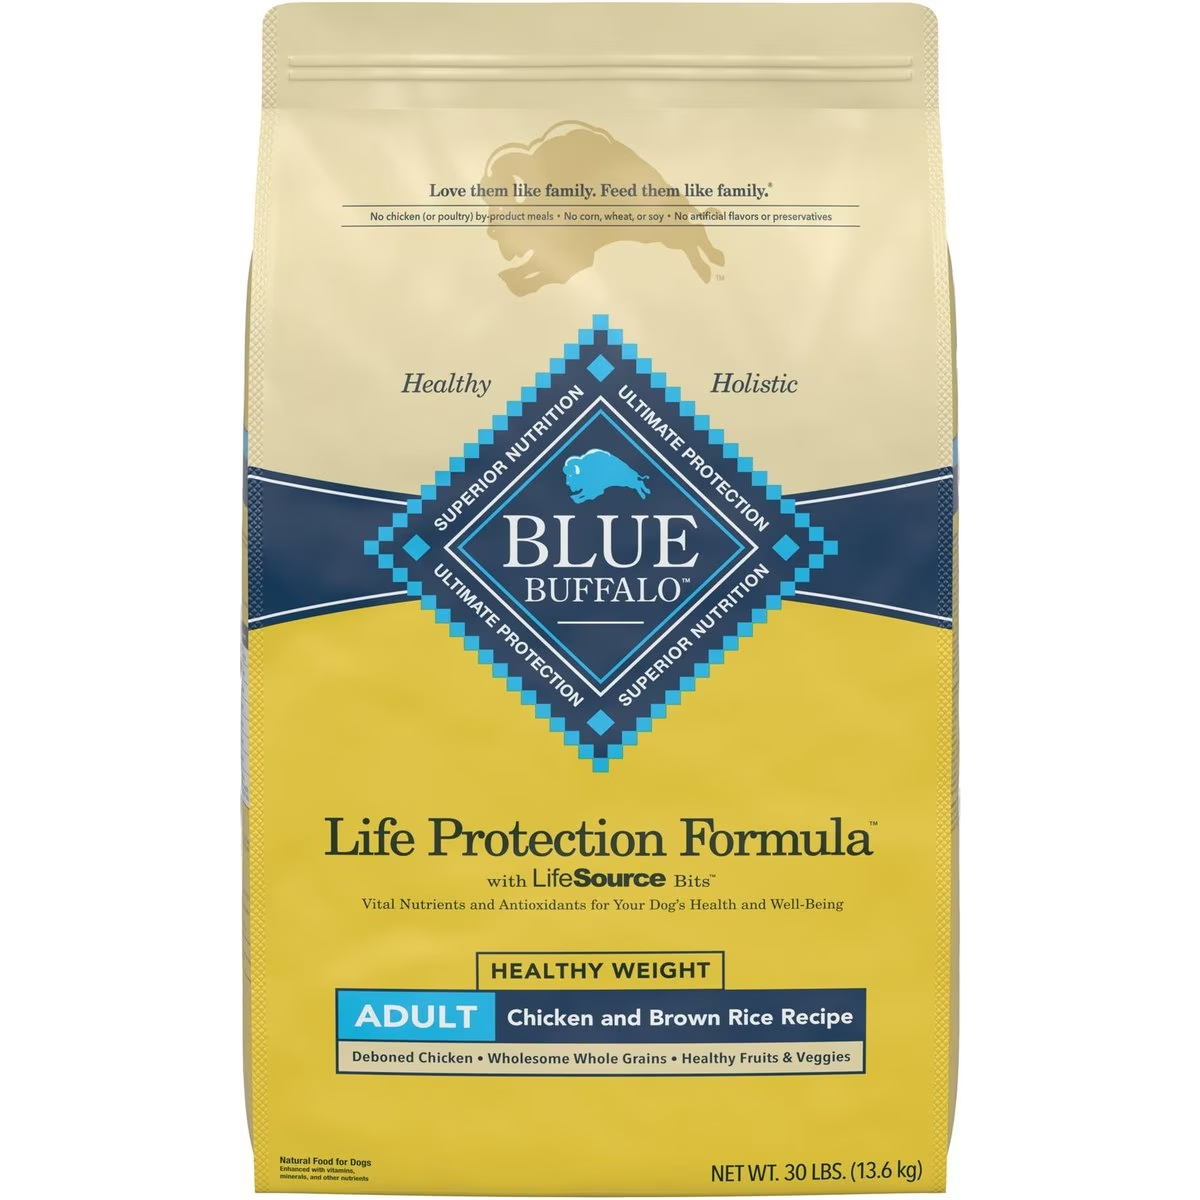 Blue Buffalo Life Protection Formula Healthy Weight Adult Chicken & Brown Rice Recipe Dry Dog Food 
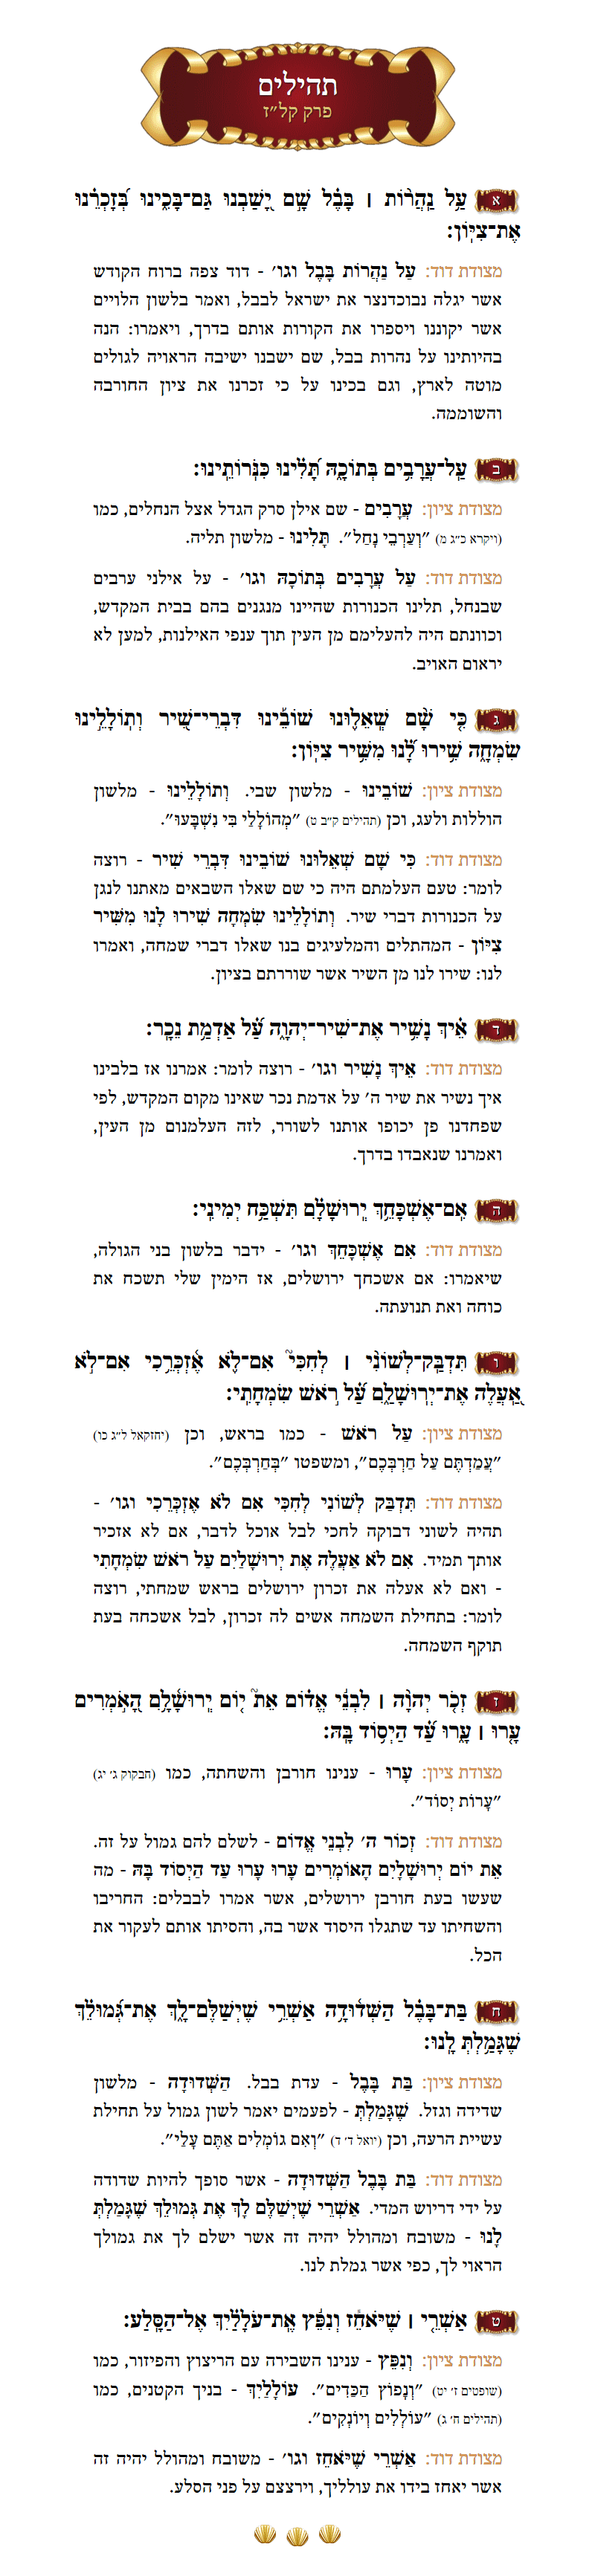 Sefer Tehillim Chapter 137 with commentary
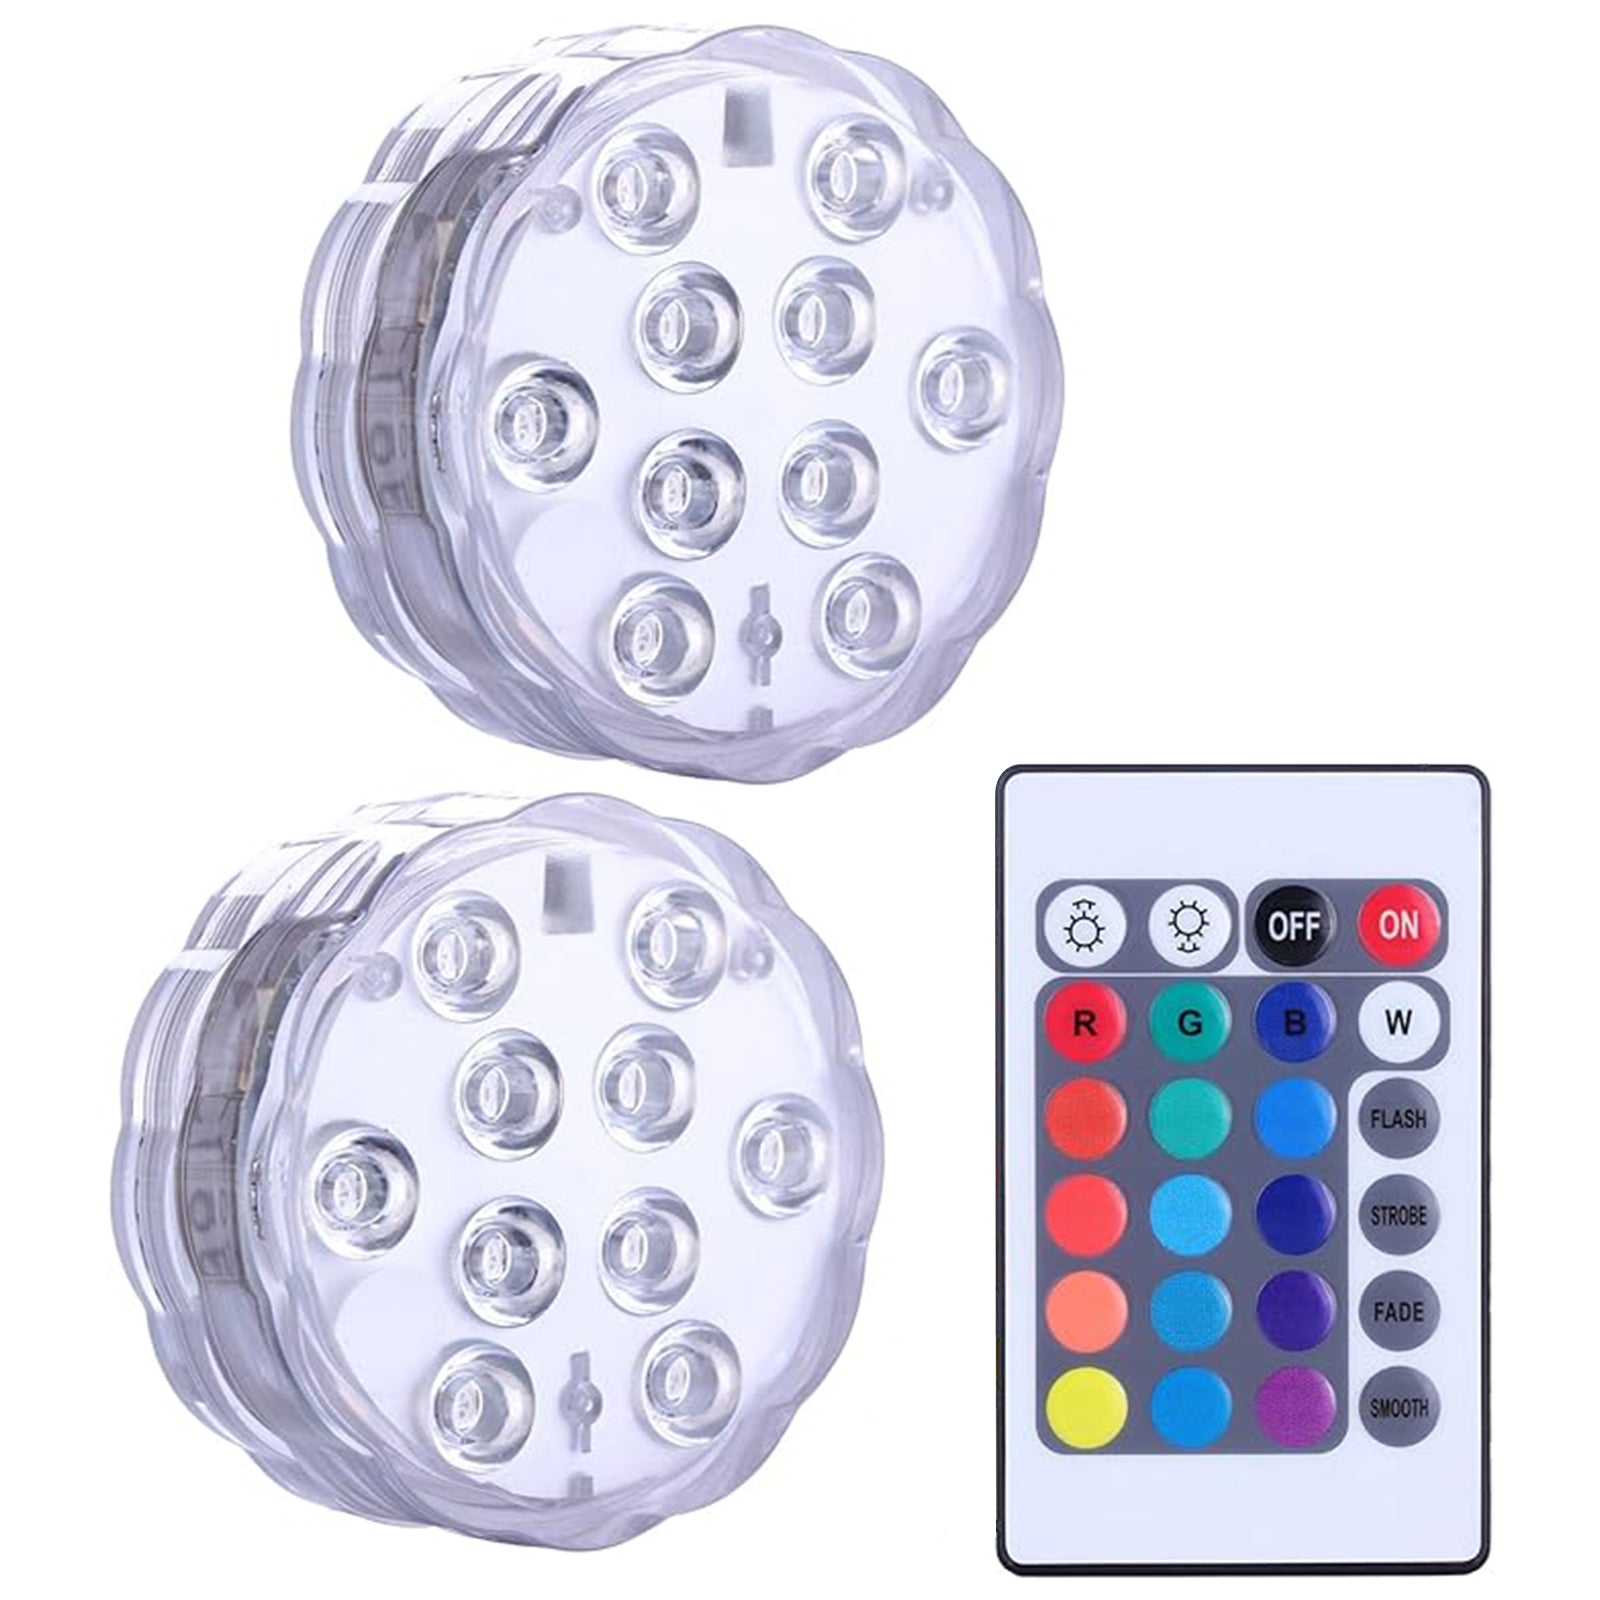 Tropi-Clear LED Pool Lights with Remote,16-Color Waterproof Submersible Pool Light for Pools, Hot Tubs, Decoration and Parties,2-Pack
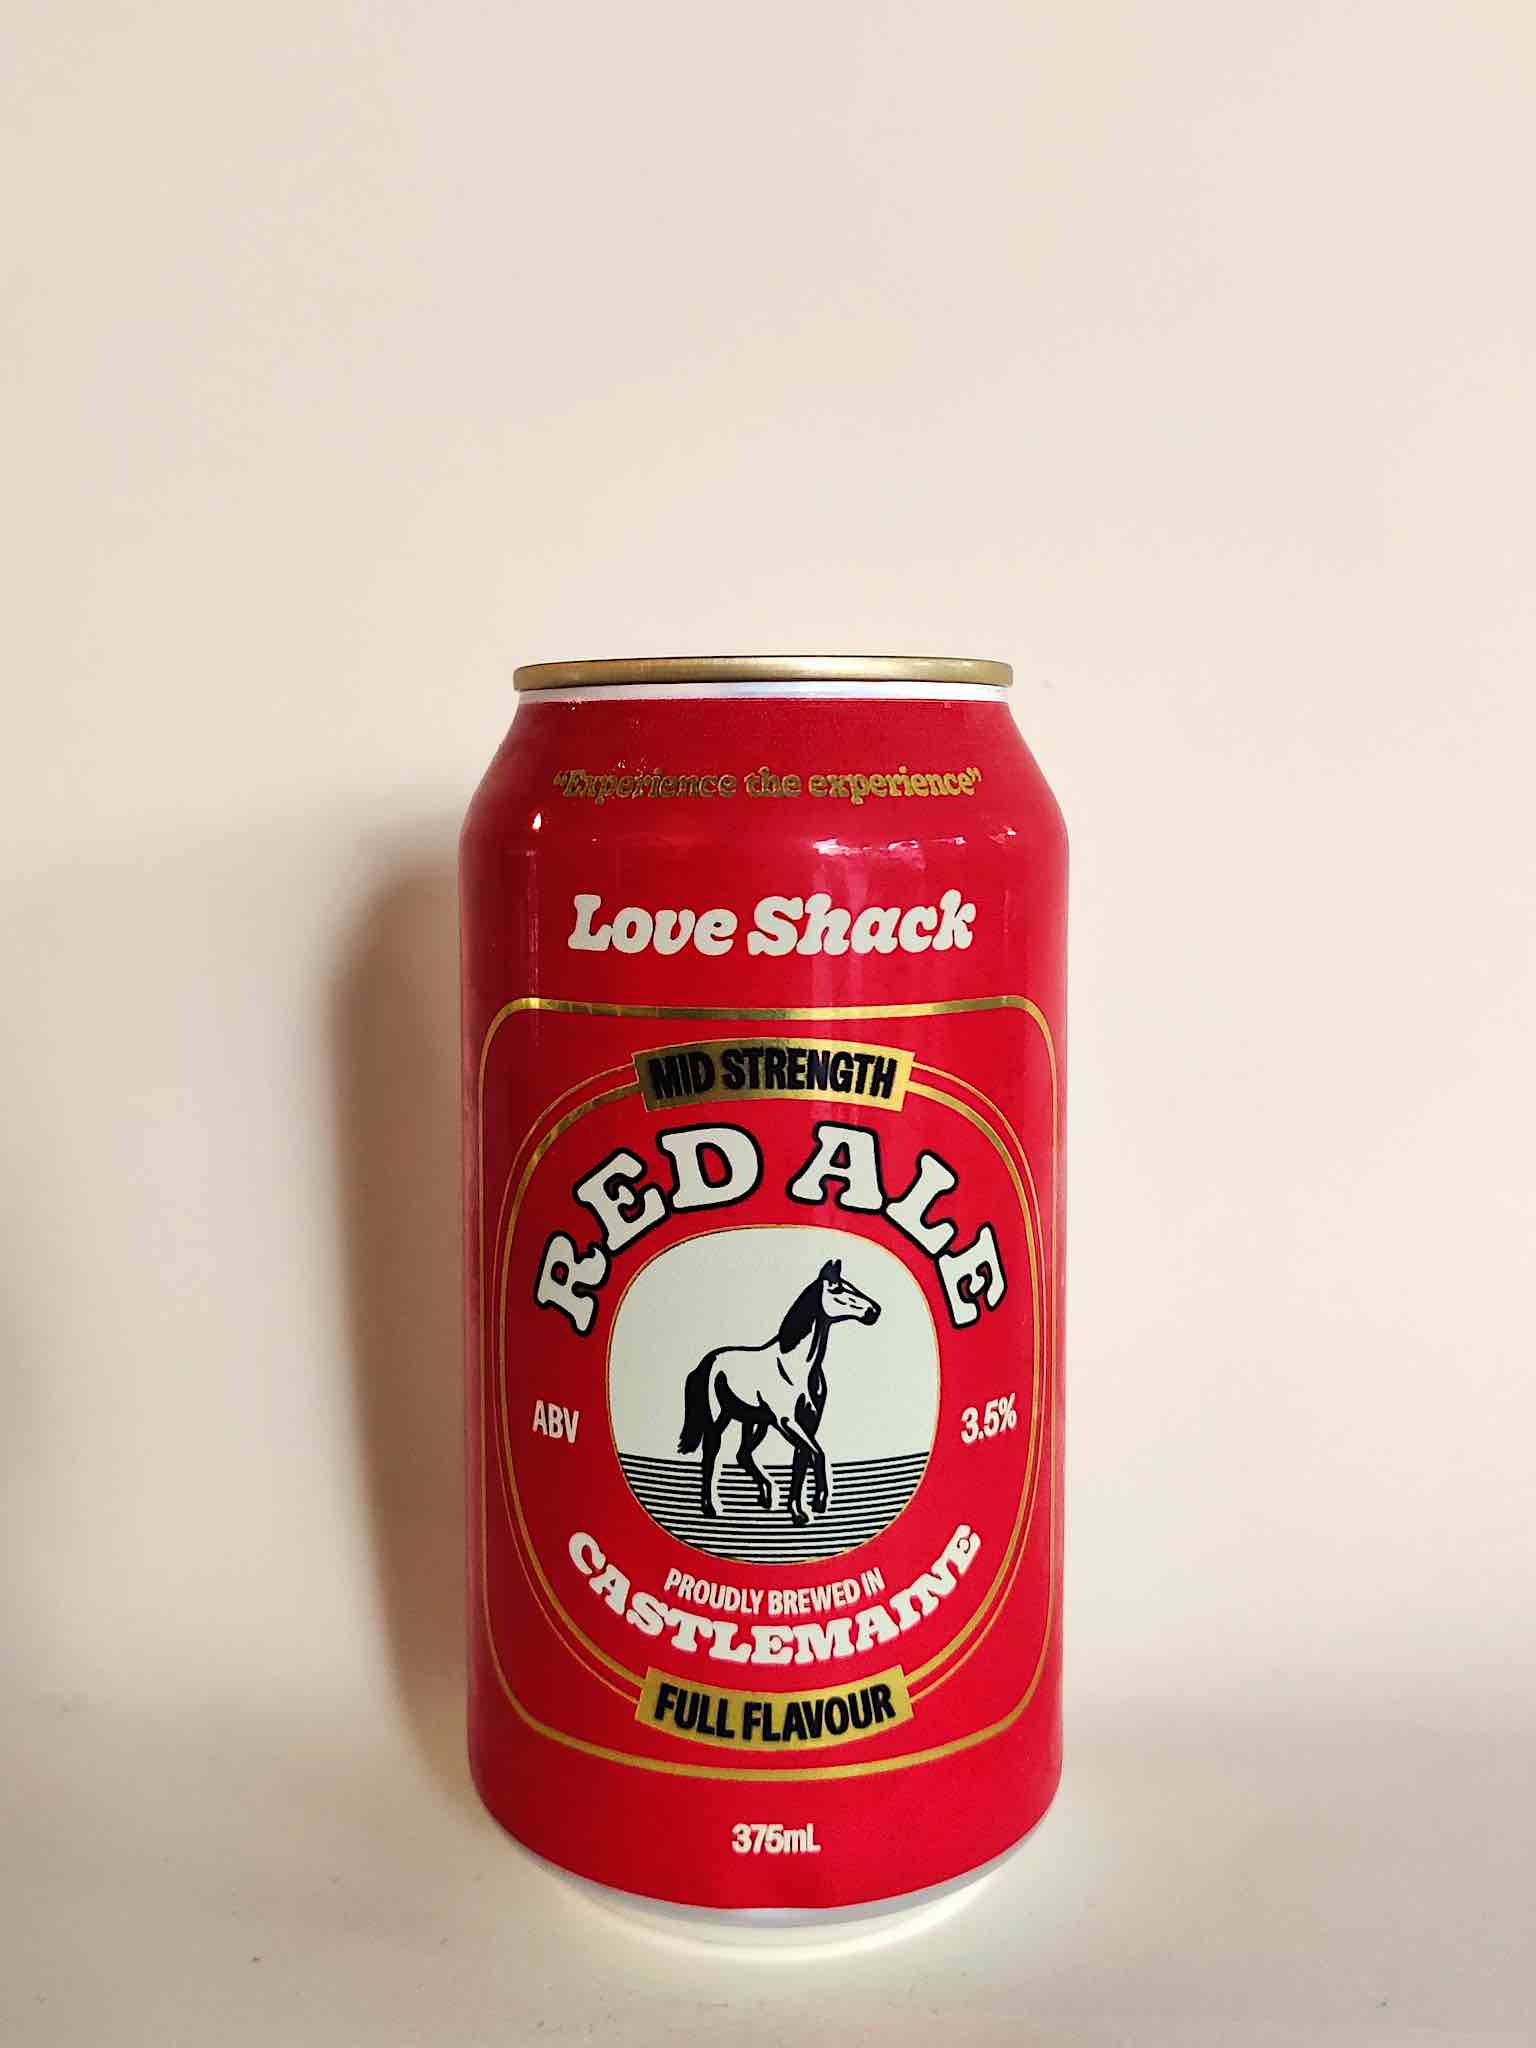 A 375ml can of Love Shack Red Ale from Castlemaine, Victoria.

_ABOUT THIS EXERCISE_: Write out the whole listing exactly. Do not include the pictures.

_ANSWER TO THIS TASK_:
 Blue Buffalo Life Protection Formula Healthy Weight Adult Chicken & Brown Rice Recipe Dry Dog Food 
 Sefer Tehillim Chapter 137 with commentary
 Tropi-Clear LED Pool Lights with Remote,16-Color Waterproof Submersible Pool Light for Pools, Hot Tubs, Decoration and Parties,2-Pack
 A 375ml can of Love Shack Red Ale from Castlemaine, Victoria.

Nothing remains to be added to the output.